> Available data

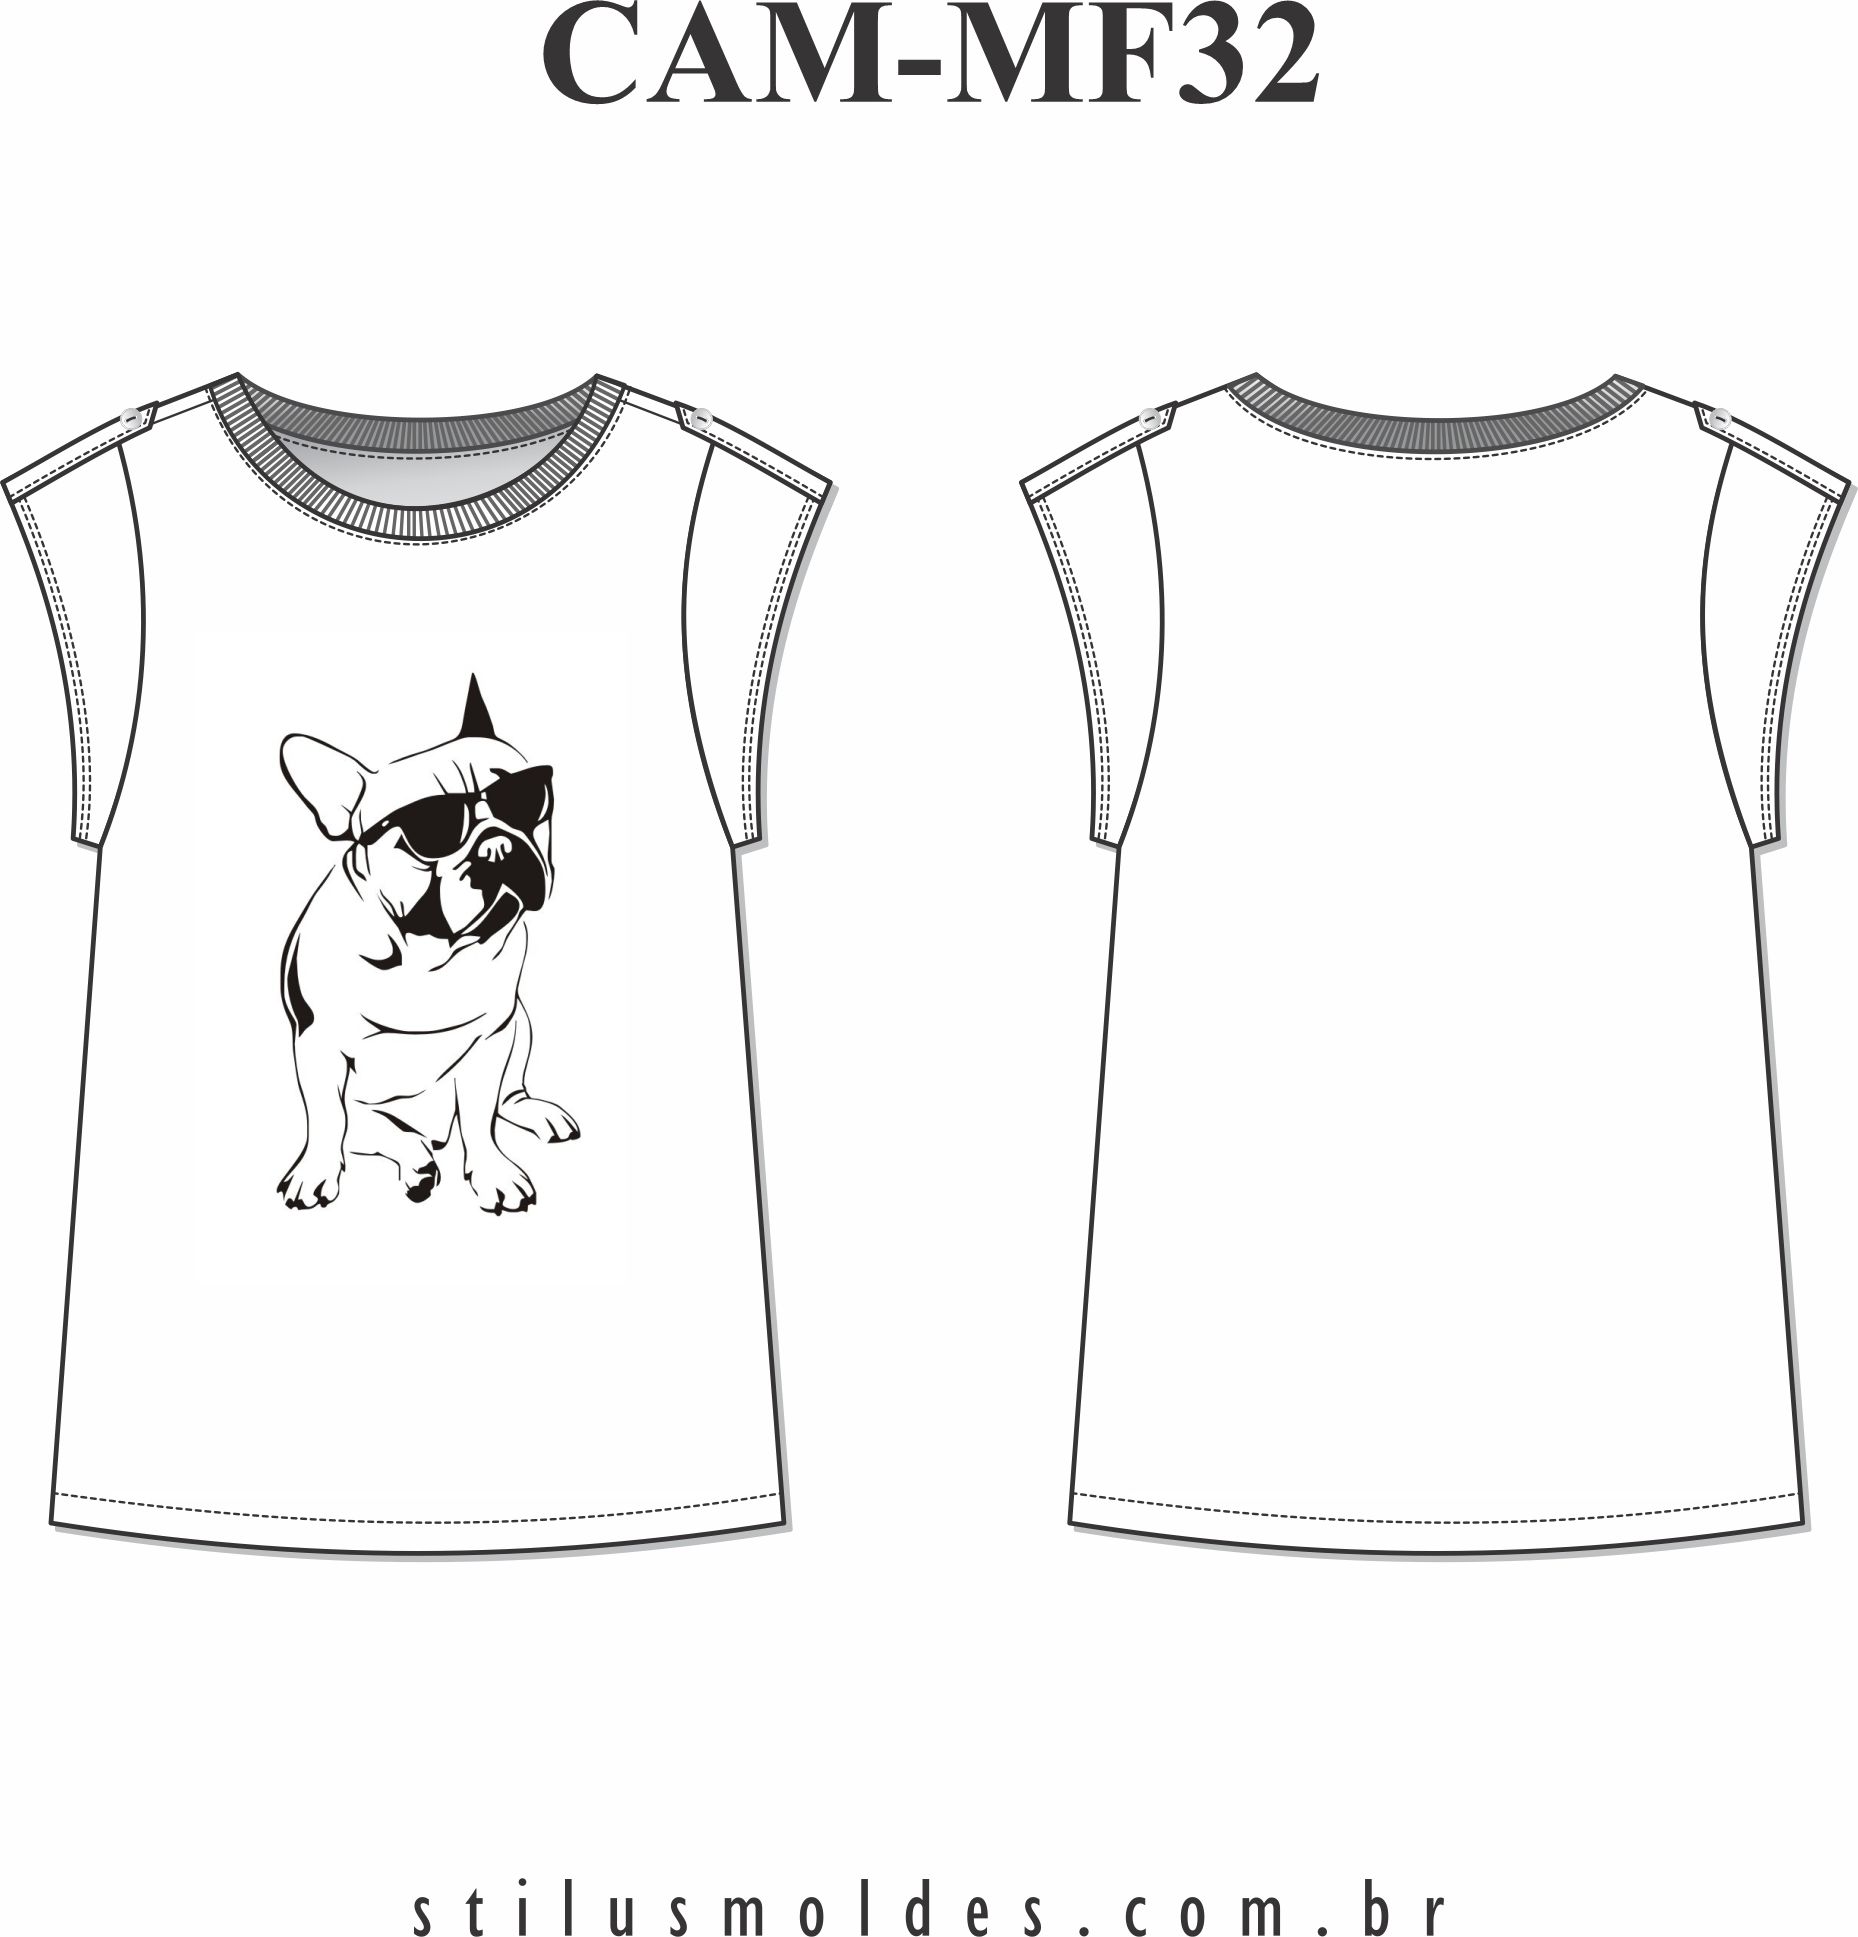 Camiseta Feminina (CAM-MF32) - Foto 0
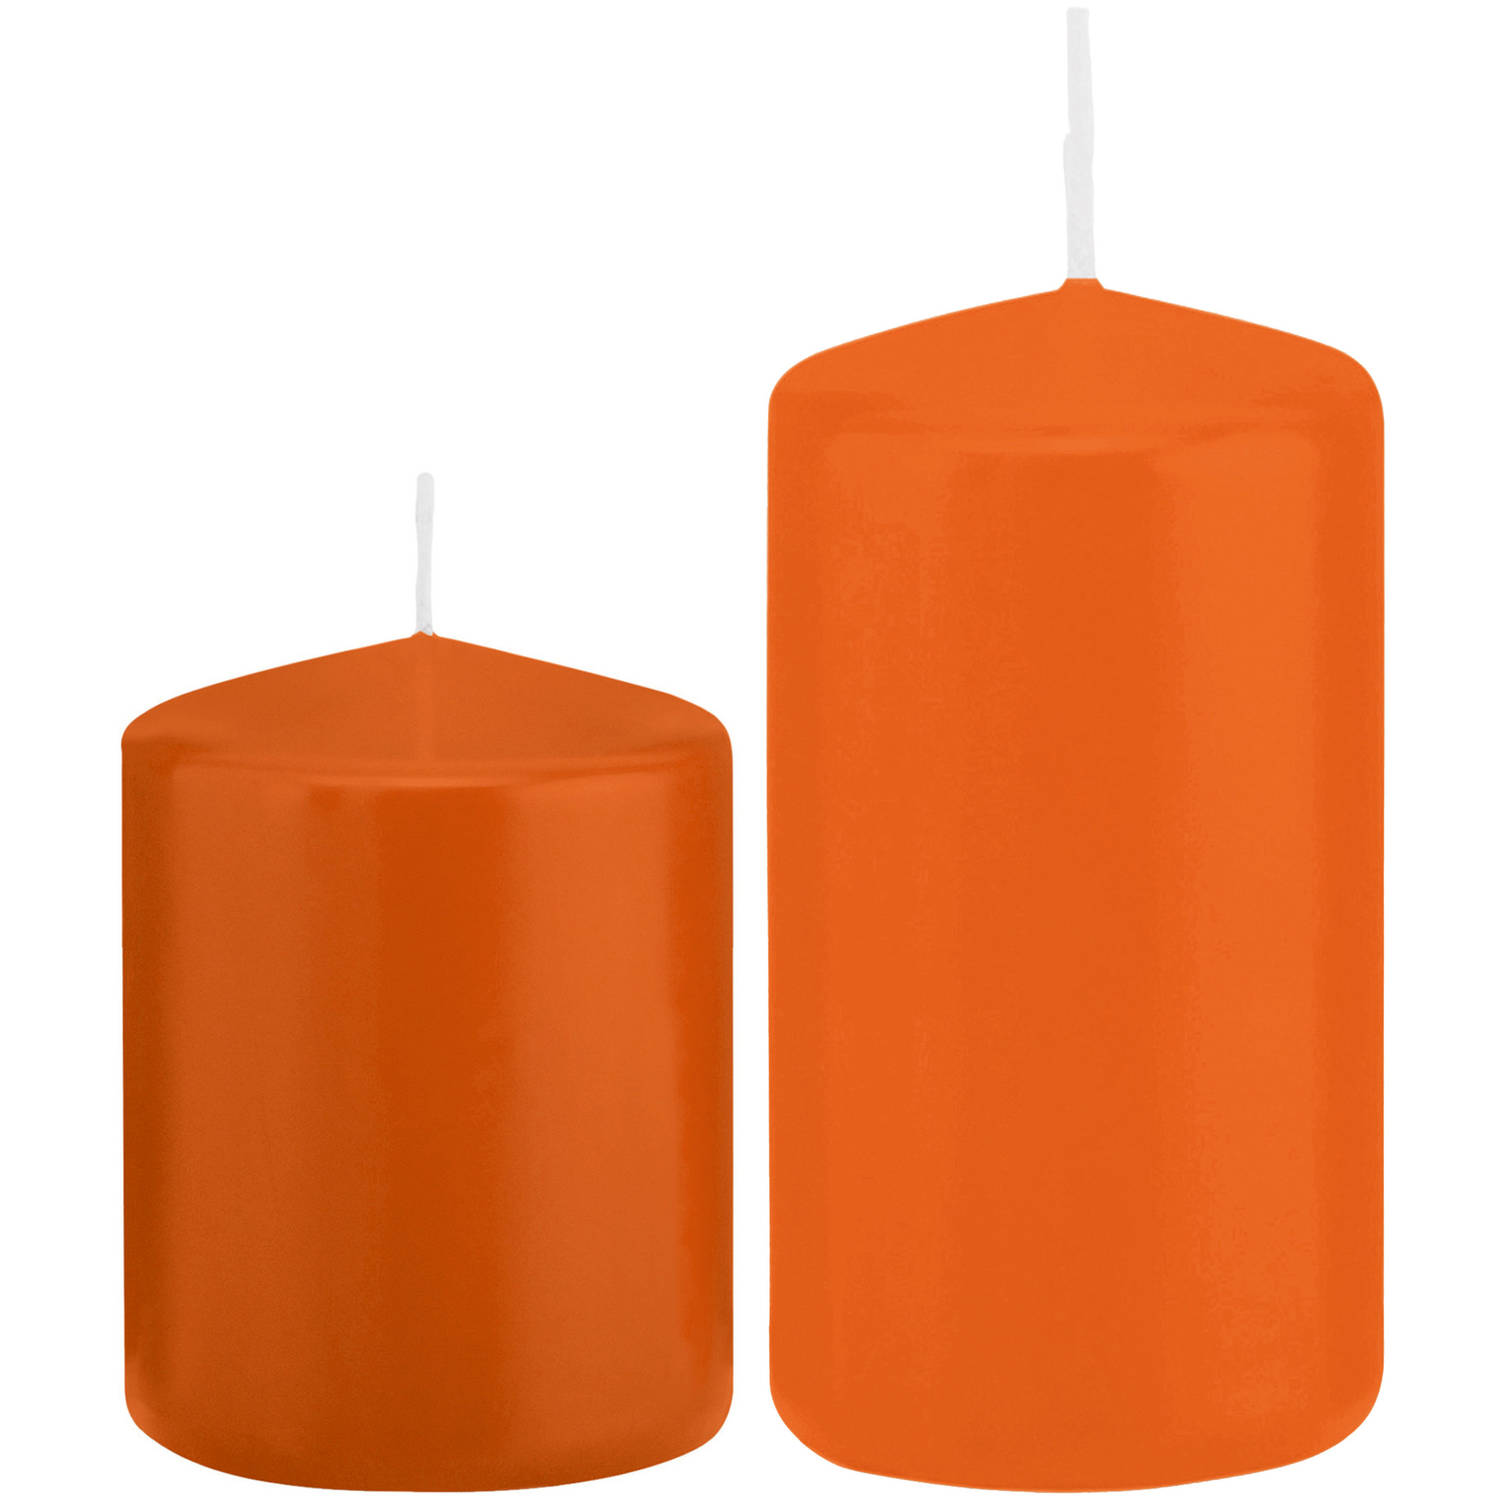 Trend Candles - Stompkaarsen set 2x stuks oranje 8 en 12 cm
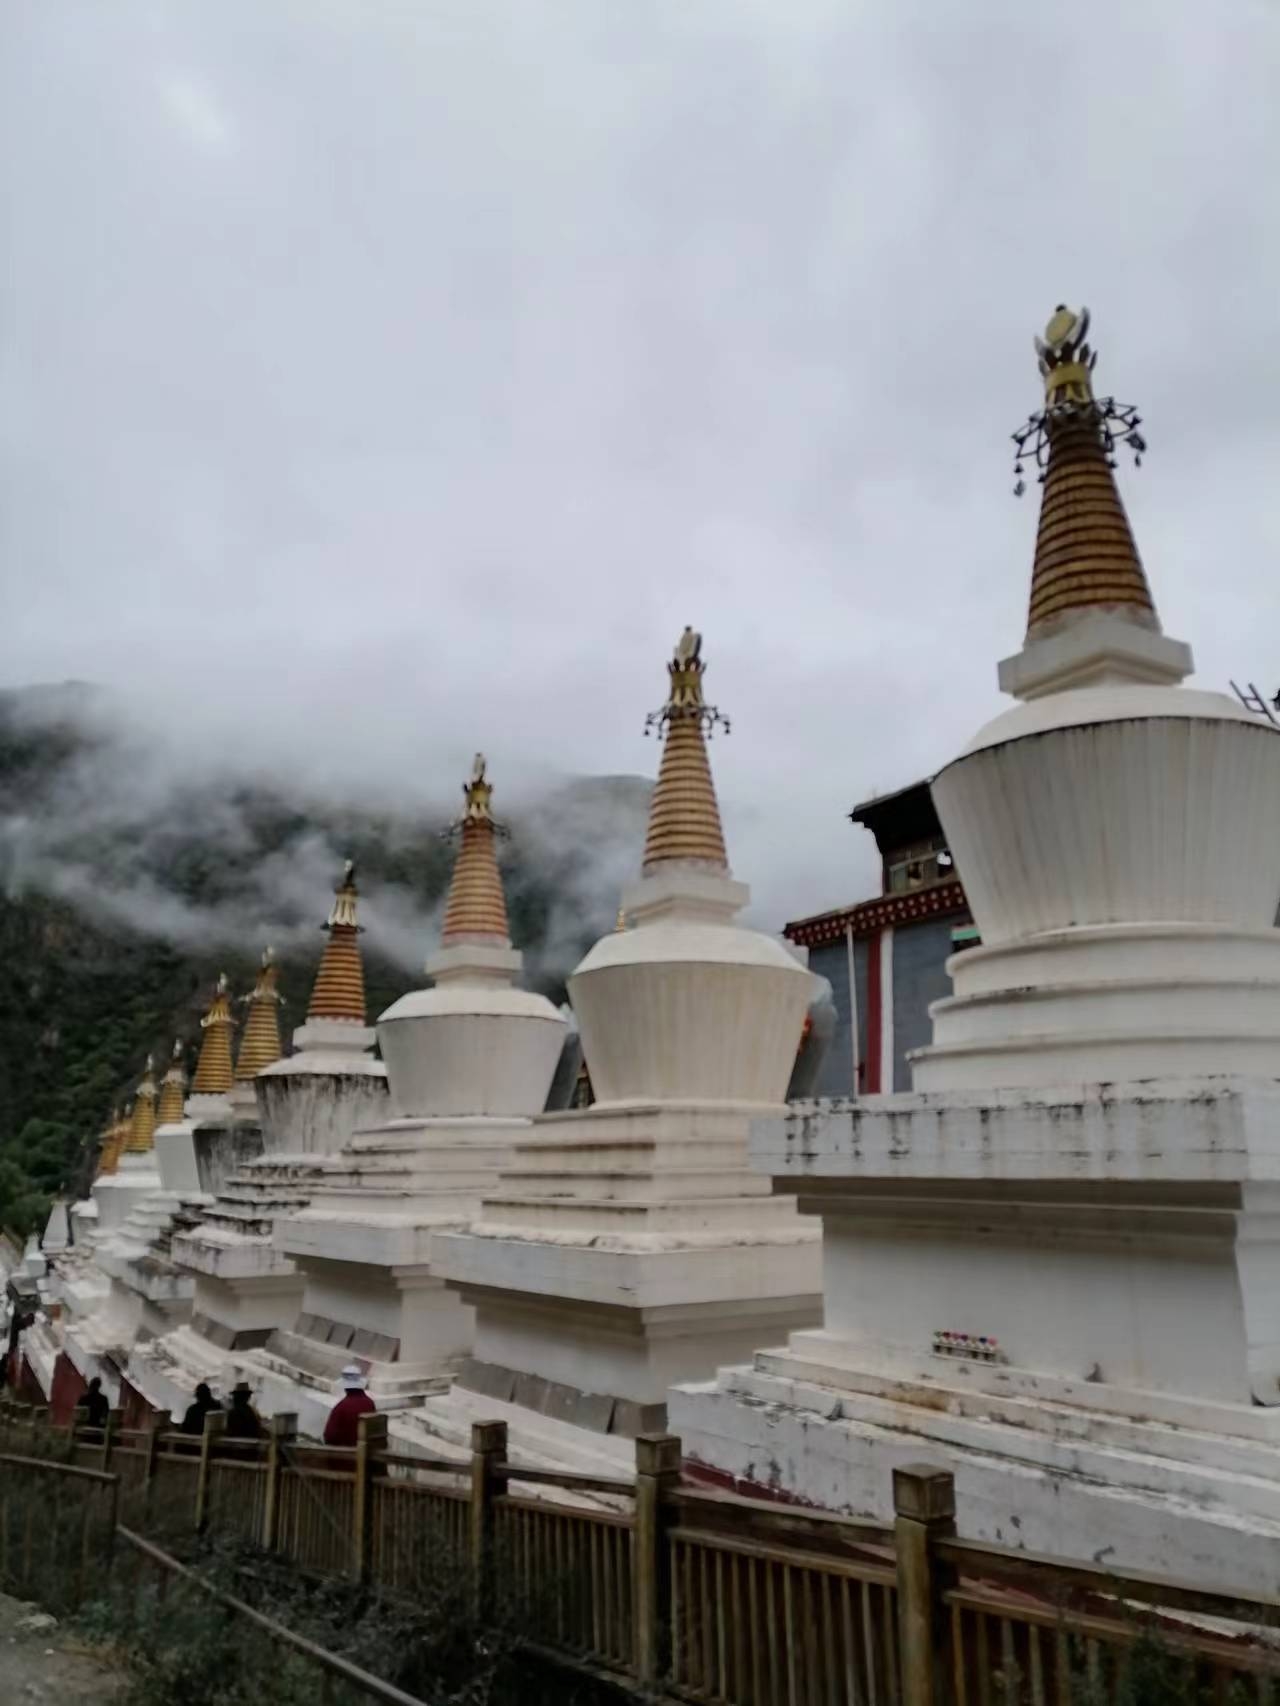 #发现宝藏旅行地 #发现旅途的色彩 更庆寺位于四川甘孜州德格县城内，与著名的印经院相邻，它是藏传佛教

> What this task involves
An exact copy of the material above is required, minus its images.

> Problem solution
 Camiseta Feminina (CAM-MF32) - Foto 0
 Trend Candles - Stompkaarsen set 2x stuks oranje 8 en 12 cm
 #发现宝藏旅行地 #发现旅途的色彩 更庆寺位于四川甘孜州德格县城内，与著名的印经院相邻，它是藏传佛教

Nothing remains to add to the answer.